In cloud-based environments, adversaries may still be able to use traffic mirroring services to sniff network traffic from virtual machines. For example, AWS Traffic Mirroring, GCP Packet Mirroring, and Azure vTap allow users to define specified instances to collect traffic from and specified targets to send collected traffic to.

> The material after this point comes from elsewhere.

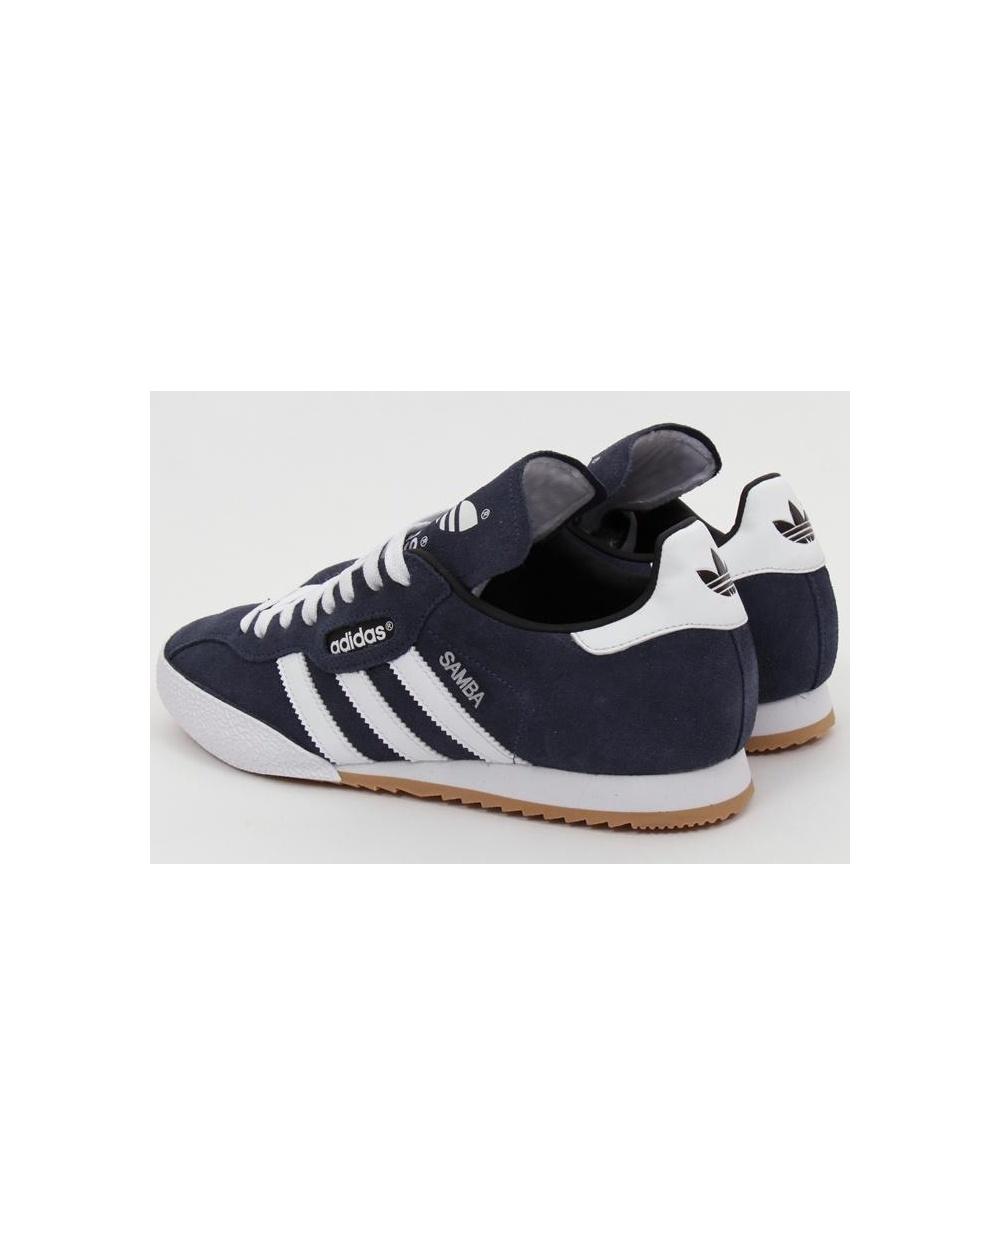 79100f474b5 Adidas Samba Super Suede Trainers Navy white - Adidas samba super ...

Often, much of this traffic will be in cleartext due to the use of TLS termination at the load balancer level to reduce the strain of encrypting and decrypting traffic. The adversary can then use exfiltration techniques such as Transfer Data to Cloud Account in order to access the sniffed traffic.
On network devices, adversaries may perform network captures using Network Device CLI commands such as `monitor capture`.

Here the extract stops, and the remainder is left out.